An Ice-Cream War
- First edition
- Author: William Boyd
- Genre: black comedy, war novel
- Publisher: Hamish Hamilton
- Publication date: 1982
- ISBN: 0-375-70502-3
- OCLC: 40744463
- Dewey Decimal: 823/.914 21
- LC Class: PR6052.O9192 I2 1999
- Preceded by: A Good Man in Africa (1981)
- Followed by: Stars and Bars (1984)

= An Ice-Cream War =

Novel by William Boyd

An Ice-Cream War (1982) is a black comedy war novel by Scottish author William Boyd. It was nominated for a Booker Prize in the year of its publication. The title is derived from a quotation in a letter (not included in the American editions of the book).

== Synopsis ==
The story focuses on the East African Campaign fought between British and German forces during World War I, and how it affects several people whose paths converge.

The first character introduced is Temple Smith (Walter Smith in the US edition), an American expatriate who runs a successful sisal plantation in British East Africa near Mount Kilimanjaro. Before war breaks out in August 1914, Smith is on cordial terms with his German half-English neighbour, Erich von Bishop. Smith even shops for coffee plant seedlings at the botanical garden in the capital of German East Africa, Dar es Salaam. Major von Bishop burns Smith's sisal and linseed plantation in the opening campaign of the Great War, and then dismantles the massive decorticator, the industrial centrepiece of Smith's sisal farm operations. Now made a penniless refugee, and unable to secure any war reparations from the British colonial bureaucracy, Smith places his wife and children with his missionary father-in-law and joins the British military forces in Nairobi, pursuing vengeance against von Bishop over the next four years of the war in East Africa.

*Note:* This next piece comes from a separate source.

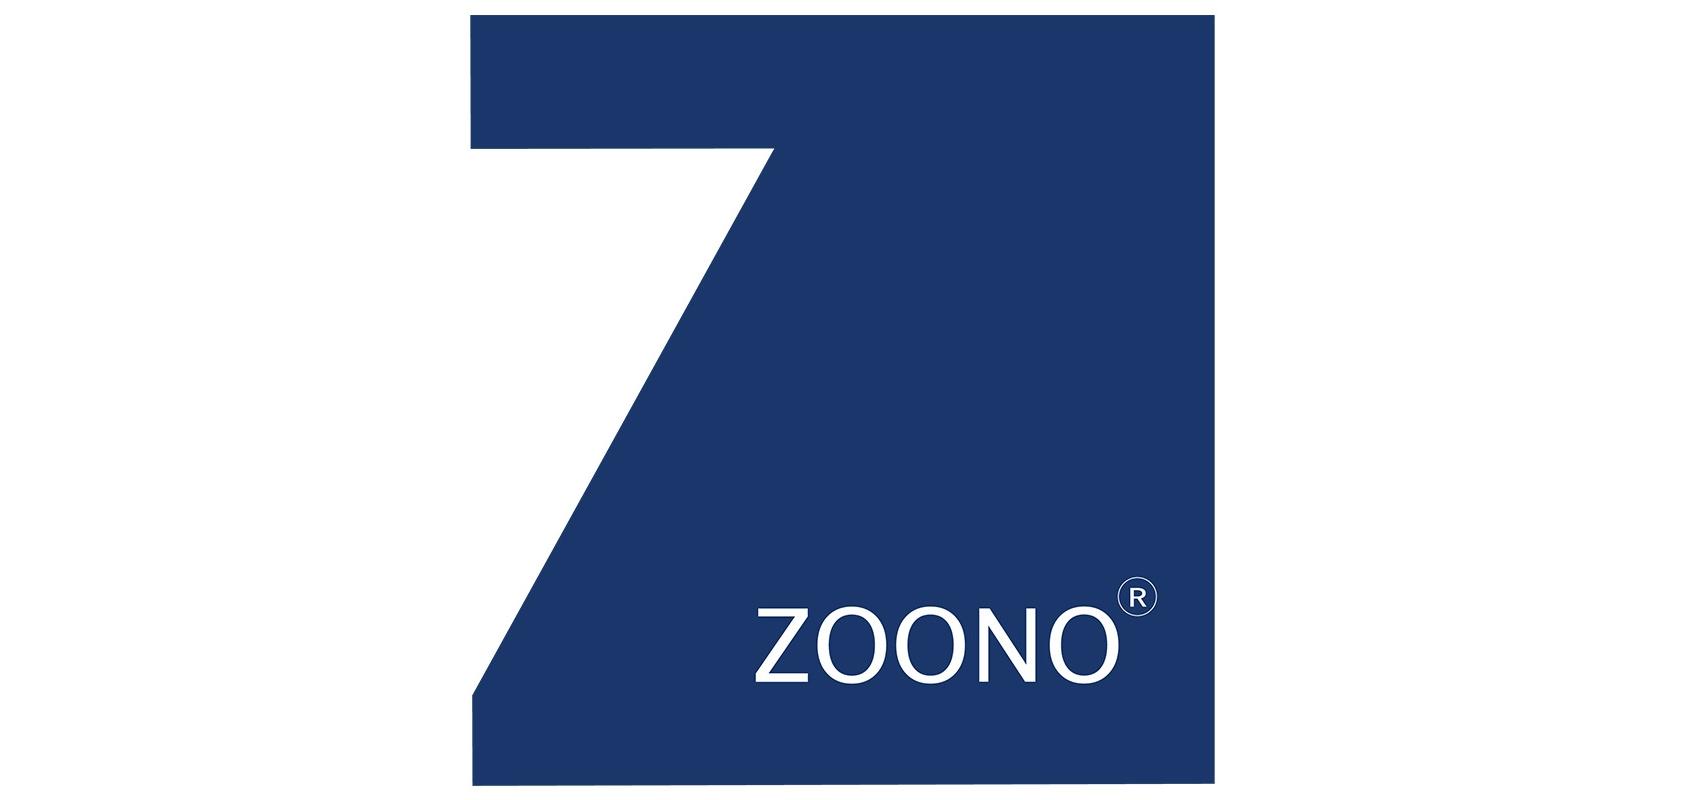 zoono是什么牌子_祖诺品牌怎么样?

The second narrative strand involves Felix Cobb, the studious youngest son of an aristocratic and traditional British military family, every one of whom he despises apart from his older brother Gabriel, a captain. The latter soon marries his sweetheart Charis (inspiring a certain jealousy in Felix), but war breaks out while Gabriel is on his honeymoon in Normandy, and he makes haste back to his regiment. Gabriel is posted to Africa, where he befriends psychotic fellow soldier Bilderbeck and is wounded in the Battle of Tanga. Whilst recovering in a Prisoner of War hospital, he develops an infatuation for Erich von Bishop's plump, stubborn wife Liesl, who works there as a nurse. The novel could be considered a satire on the ineptitude of authority in wartime.

==Reaction==
As a critic of The New York Times wrote the following of the book at its time of publication:

"Its characters – the survivors in particular – are mercilessly knocked about by the force of historical circumstance: by the war, by the problems of commanding men whose culture they do not understand and whose language they do not even speak, by the influenza epidemic that followed immediately upon the Armistice. But Mr. Boyd sees even domestic life, as Gabriel's and Felix's mother sees her marriage, 'as a relentless challenge, an unending struggle against appalling adverse conditions to get her own way.' That bleak comic vision suggests the early Evelyn Waugh, and An Ice-Cream War is a good enough novel, for all its flaws, to persuade me that Mr. Boyd, who was born in 1952, may someday write a great one."